Текст книги "Наследники Раскола"
Автор книги: Александра Герасимова
Жанр:
Классическое фэнтези
сообщить о нарушении
Текущая страница: 25 (всего у книги 34 страниц)
15.
– Там какой-то дяденька! – глаза Пунечки были круглыми и испуганными.
С огорода по направлению к дому, действительно, шел мужчина. Карина вышла вперед. Человек подошел совсем близко. Вид у него был вполне мирный.
– Простите, я, наверно, напугал вас, юная фрейлейн, – обратился незнакомец к Пуне.
Голос у него был приятный:
– Дело в том, что я заблудился. Много дней плутаю на болотах.
Участок, действительно, был самым крайним.
– Шел, шел, гляжу дачи. И одна из калиток открыта.
Девочки переглянулись – вчера они без спросу ходили за крупной садовой малиной, переползшей за пределы огорода и, наверно, забыли запереть калитку.
– Скажите, пожалуйста, а где я вообще нахожусь? – несколько неожиданно попросил незнакомец.
– Это дом короля Гьергичии, – с достоинством произнесла Шуша.
– А, ну, значит, рыбак рыбака… – флегматично подытожил молодой человек. – Дело в том, что я тоже король. Позвольте представиться. Франк Оливер король Цегенвейский.
Карина взвизгнула и бросилась ему на шею.
– Что вы? Кто вы? – Франк еще пытался отбиваться.
– Мы думали, вы погибли! – вопила Карина. – А вы живы! Срочно возвращайтесь домой!!!
За этой сценой уже некоторое время с крыльца дома наблюдали король Гьергичии и король Эсверии.
– Это – король Цегенвеи! – закричала королева Долесонии.
– Как здорово, что все мы здесь сегодня собрались, – без тени иронии ответствовал Кристофер, спускаясь с крыльца, чтобы пожать руку Франку.
Он был странно мрачен, а Карина, наоборот, вся так и сияла. Делая понятным свой восторг, она раскрыла подлинную суть их Путешествия. И вот уже все пьют чай с яблочным пирогом и обсуждают грядущие события.
– Я ждал вас, – неожиданно сказал король Гьергичии. – Я дружу с королем кира-матиасцев. И он рассказал мне про двух странников, созывающих королей на Битву. Но вы молчали, и мне оставалось только ждать. Наверно, вы не доверяли такой некоролевской обстановке?

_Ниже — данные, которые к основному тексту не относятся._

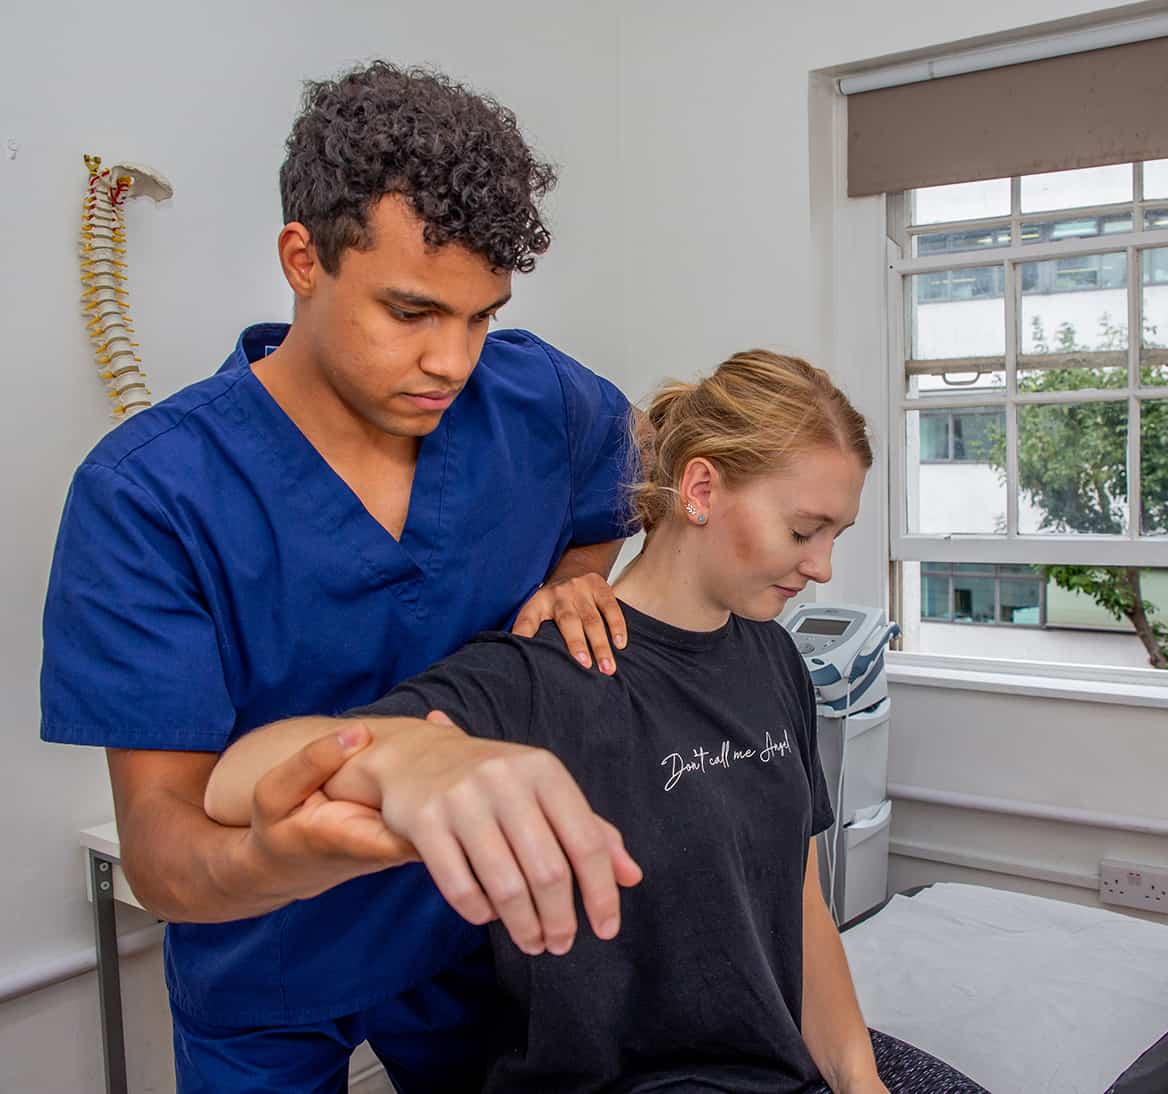 Osteopathy Treating Arm, Elbow, Wrist Pain with Osteopathy

Алик обвел рукой стены, обитые лакированной вагонкой и украшенные бумажными картинками.
– Да-да, я понимаю, что все это очень серьезно, – это уже Франк реагировал на идею объединения. – Безусловно, я поведу свой народ на Битву… Вы говорите – она должна состояться третьего марта следующего года… Ну, значит, я успею… Сейчас у меня другие дела…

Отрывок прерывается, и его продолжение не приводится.